No Brasil, setores muito conservadores interferem nas políticas públicas e nos poderes do Estado, e acredito que este é parte do problema. Algumas pessoas que têm poder estão no Legislativo, mas também têm influência no Executivo e têm como uma de suas prioridades a criminalização do aborto. O Brasil corre um perigo latente de retroceder, perder direitos já reconhecidos, o que seria lamentável. Isso apenas incrementaria o número de mortes maternas por aborto de risco e aborto clandestino. Eu creio que um problema geral é que os partidos políticos não reconhecem o impacto que a penalização do aborto tem na vida das mulheres e na dinâmica familiar.
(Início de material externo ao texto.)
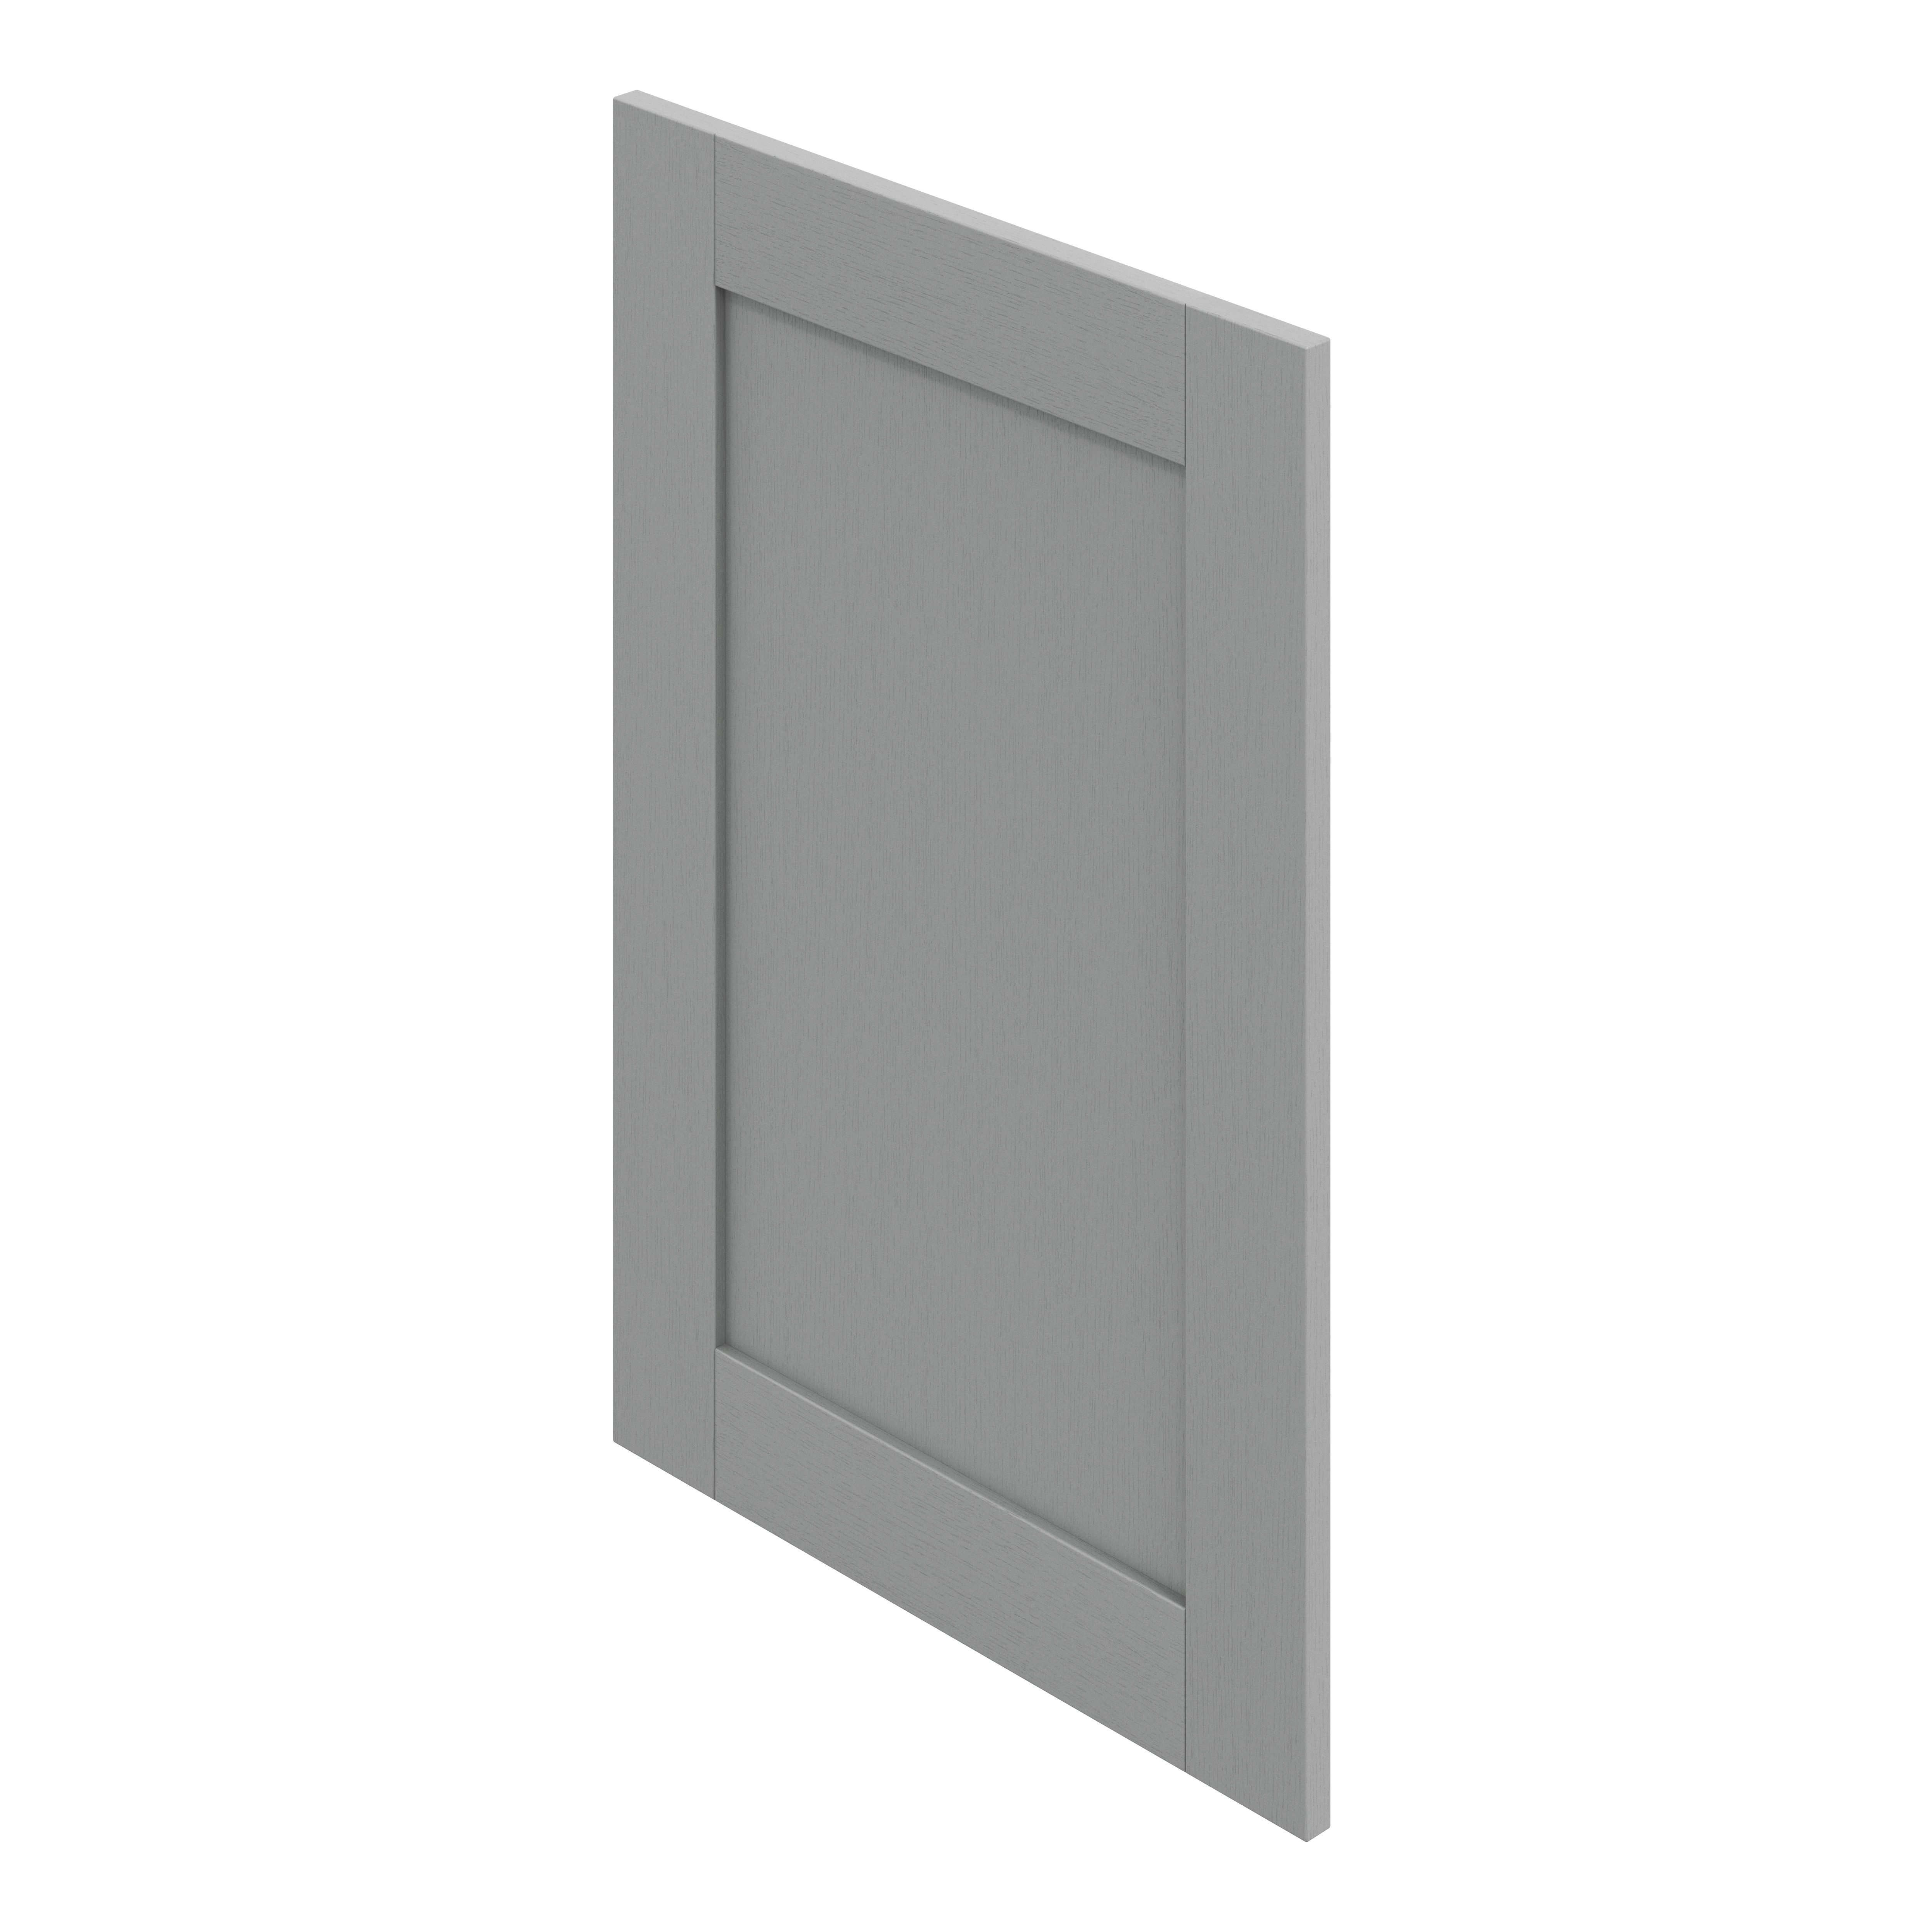 GoodHome Alpinia Matt Slate Grey Painted Wood Effect Shaker Highline Cabinet door (W)500mm (H)715mm (T)18mm

Muitos dizem querer reduzir a mortalidade materna, mas continuam criminalizando o aborto em alguns níveis. Assim, é impossível alcançar as metas de redução de morte materna. Por isso, nenhum país da América Latina conseguiu ainda alcançar as metas do Milênio sobre esse assunto. Está claro que a esse tipo de legisladores não importam a vida das mulheres pobres e não importam os riscos que elas correm em consequência de uma gravidez não desejada, por fatores distintos. O conservadorismo cresce frente ao enfraquecimento do Estado. É uma espécie de escape. Quando não há um Estado forte, que cuida de seus cidadãos, as pessoas buscam outros refúgios. Por isso, cresce a participação de fundamentalistas religiosos. Há uma proliferação do pensamento mágico, do pensamento subordinado, que só é possível quando o Estado não promove a educação, não promove valores laicos, não promove uma cultura de direitos. Esses fanáticos se proliferam mesmo dentro do Poder Legislativo, Executivo.